== Entries supplied
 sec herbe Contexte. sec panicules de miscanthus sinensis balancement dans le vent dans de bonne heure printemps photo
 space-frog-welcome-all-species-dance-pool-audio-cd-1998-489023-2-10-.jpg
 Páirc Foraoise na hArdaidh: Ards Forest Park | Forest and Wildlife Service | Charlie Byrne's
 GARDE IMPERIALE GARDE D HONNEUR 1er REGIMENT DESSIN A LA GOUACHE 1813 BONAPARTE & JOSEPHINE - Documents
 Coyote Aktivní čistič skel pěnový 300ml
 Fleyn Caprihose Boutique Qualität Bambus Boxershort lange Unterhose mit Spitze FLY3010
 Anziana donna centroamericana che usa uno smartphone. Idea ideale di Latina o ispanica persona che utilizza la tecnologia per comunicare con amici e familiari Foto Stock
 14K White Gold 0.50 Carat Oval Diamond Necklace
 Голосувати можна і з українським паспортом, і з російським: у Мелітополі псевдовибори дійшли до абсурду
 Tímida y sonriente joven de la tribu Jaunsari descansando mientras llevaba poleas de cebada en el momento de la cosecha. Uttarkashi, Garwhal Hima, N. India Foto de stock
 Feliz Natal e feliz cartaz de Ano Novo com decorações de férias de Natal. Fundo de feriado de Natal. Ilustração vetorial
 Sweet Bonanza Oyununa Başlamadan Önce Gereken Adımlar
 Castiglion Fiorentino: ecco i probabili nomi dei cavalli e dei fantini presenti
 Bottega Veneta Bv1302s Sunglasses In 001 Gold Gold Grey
====
Check each line above for "Foto" and return the ones that have it.

### Solution to this problem
 Anziana donna centroamericana che usa uno smartphone. Idea ideale di Latina o ispanica persona che utilizza la tecnologia per comunicare con amici e familiari Foto Stock
 Tímida y sonriente joven de la tribu Jaunsari descansando mientras llevaba poleas de cebada en el momento de la cosecha. Uttarkashi, Garwhal Hima, N. India Foto de stock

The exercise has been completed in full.